Google’s DeepMind has recently unveiled a groundbreaking AI model, RT-2, which translates vision and language into robotic actions. This development marks a significant milestone in the realm of robotics, bringing us closer to a future of helpful robots. RT-2, a Transformer-based model trained on text and images from the web, can directly output robotic actions, effectively enabling it to “speak robot.”
The pursuit of helpful robots has long been a herculean effort, as robots need to handle complex, abstract tasks in highly variable environments.
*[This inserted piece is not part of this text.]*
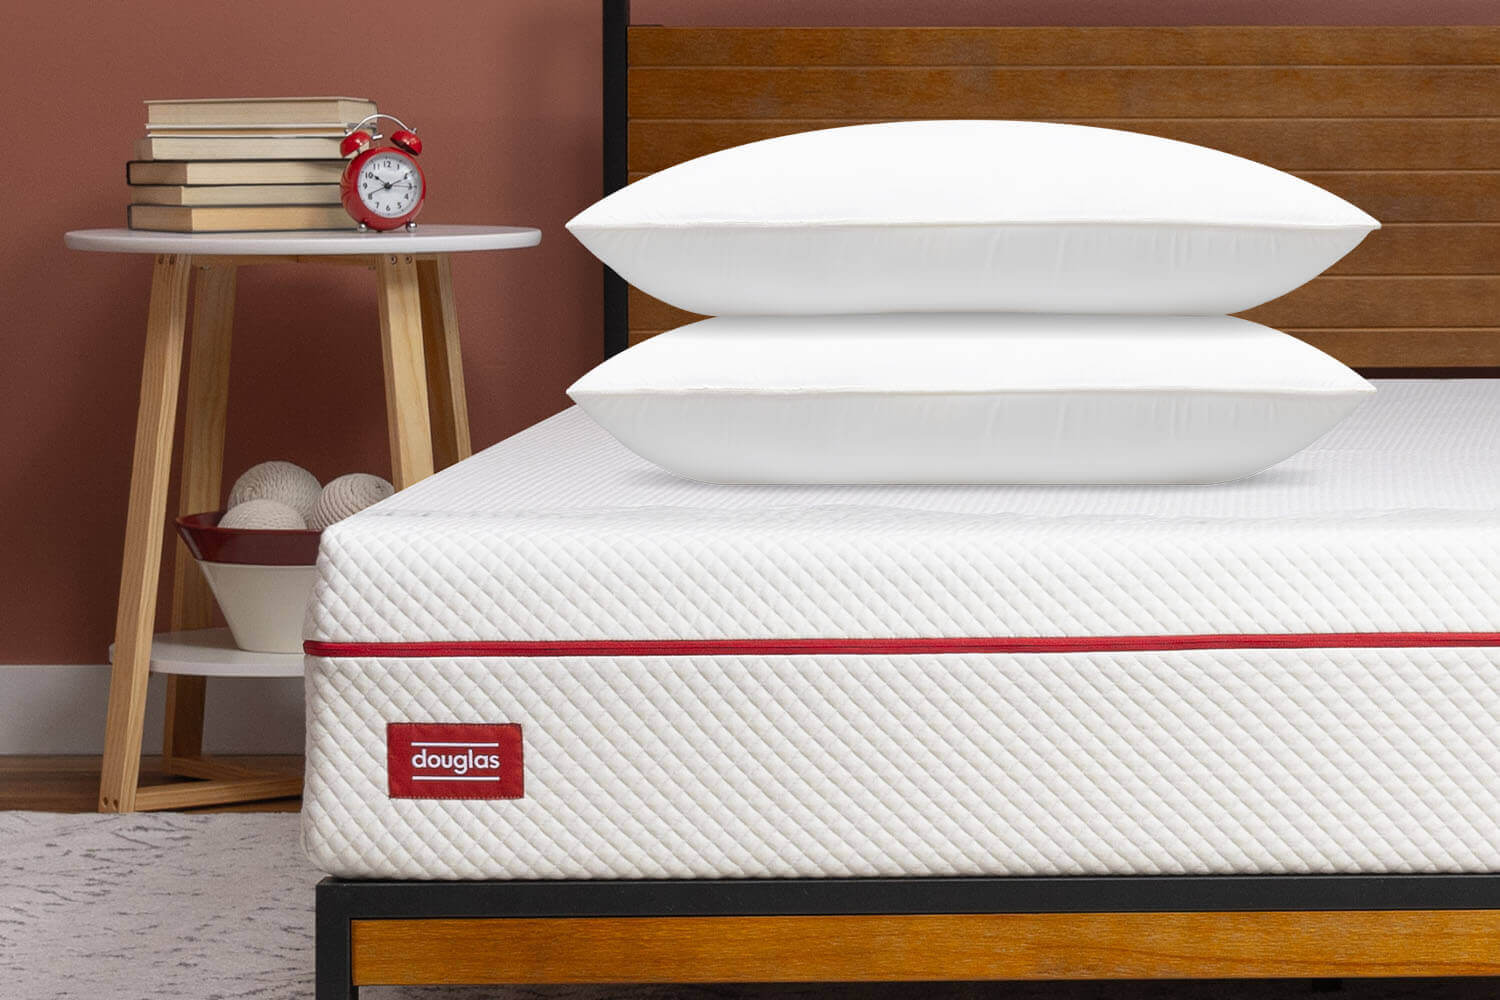 Two Memory Foam Pillows on a Douglas mattress

Unlike chatbots, robots require grounding in the real world and their abilities. This grounding is not just about learning everything there is to know about an object, but also understanding how to interact with it in context. RT-2 addresses these challenges by transferring knowledge from web data to inform robot behavior, making it possible for robots to recognize objects in context and understand how to manipulate them.
Recent advancements in robotics, such as improved reasoning and the use of chain-of-thought prompting, have enabled robots to better handle multi-step problems. Vision models, like PaLM-E, have also helped robots make better sense of their surroundings. RT-1 demonstrated that Transformers could help different types of robots learn from each other. RT-2 builds upon these advancements by removing the complexity of separate high-level reasoning and low-level manipulation systems, enabling a single model to perform complex reasoning and output robot actions. This development allows robots to transfer concepts embedded in their language and vision training data to direct robot actions, even for abstract tasks like identifying and disposing of trash.
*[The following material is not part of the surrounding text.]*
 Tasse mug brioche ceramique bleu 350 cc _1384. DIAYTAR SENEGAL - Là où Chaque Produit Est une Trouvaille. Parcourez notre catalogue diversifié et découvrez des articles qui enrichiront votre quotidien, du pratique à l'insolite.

RT-2’s ability to transfer information to actions shows promise for robots to more rapidly adapt to novel situations and learn from new experiences. In testing, RT-2 models functioned as well as previous models on tasks in their training data and almost doubled their performance on novel, unseen scenarios. This improvement indicates that RT-2 enables robots to learn more like humans, transferring learned concepts to new situations. The advancements demonstrated by RT-2 show enormous promise for more general-purpose robots, paving the way for a brighter future in robotics.
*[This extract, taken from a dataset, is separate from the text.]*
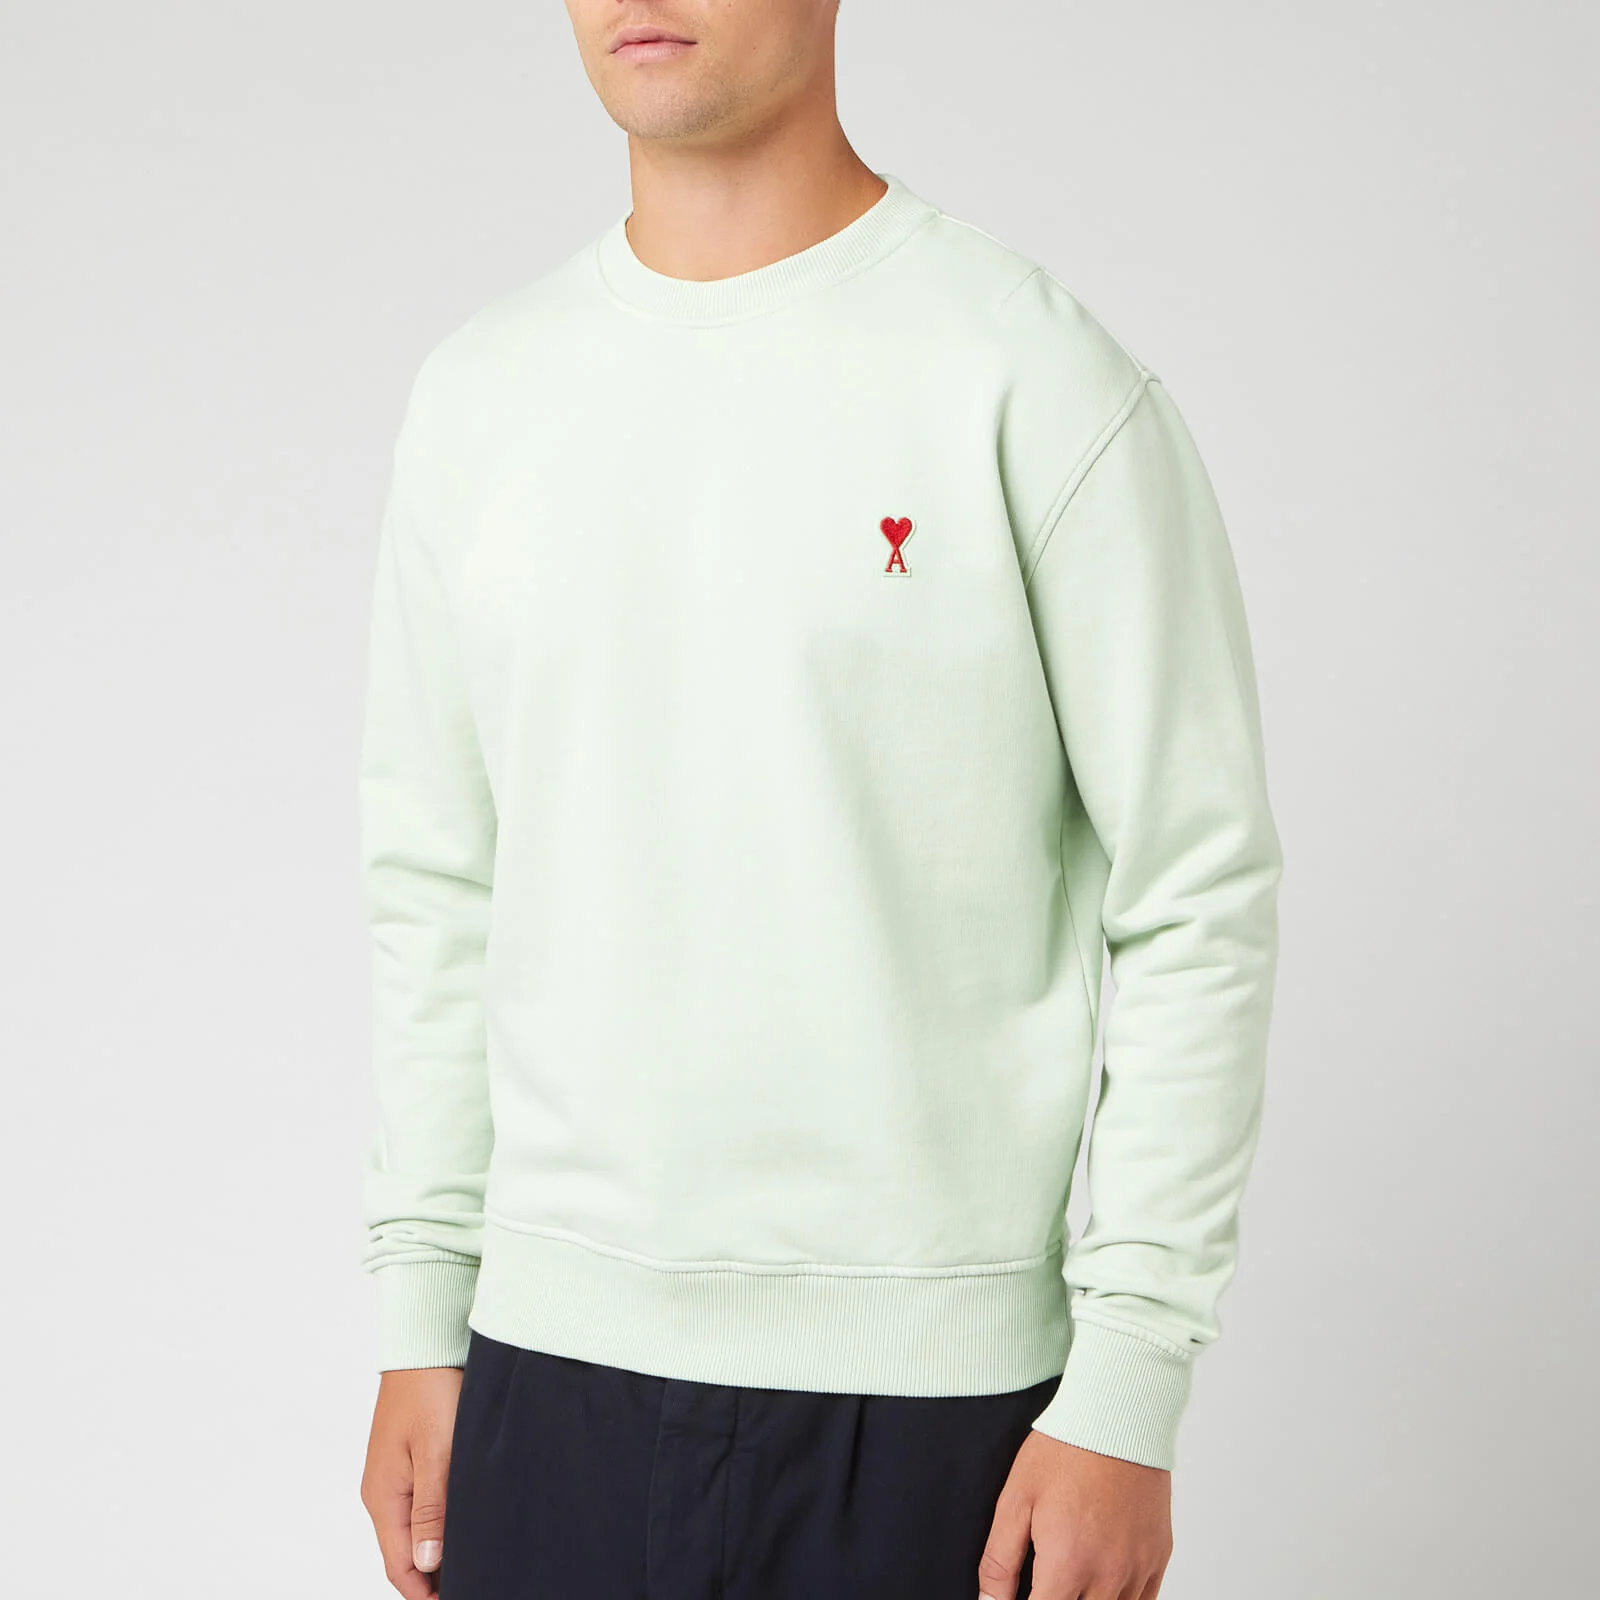 AMI Men's Heart Sweatshirt - Vert Pale Image 1

Google’s RT-2 model represents a transformative leap in AI-powered robotics, bringing us closer to a future where robots can effectively interact with the world around them. By enabling robots to transfer concepts from their language and vision training data to direct robot actions, RT-2 opens up new possibilities for robots to learn and adapt to novel situations. As the field of robotics continues to advance, we can look forward to a future where helpful robots are no longer confined to the realm of science fiction.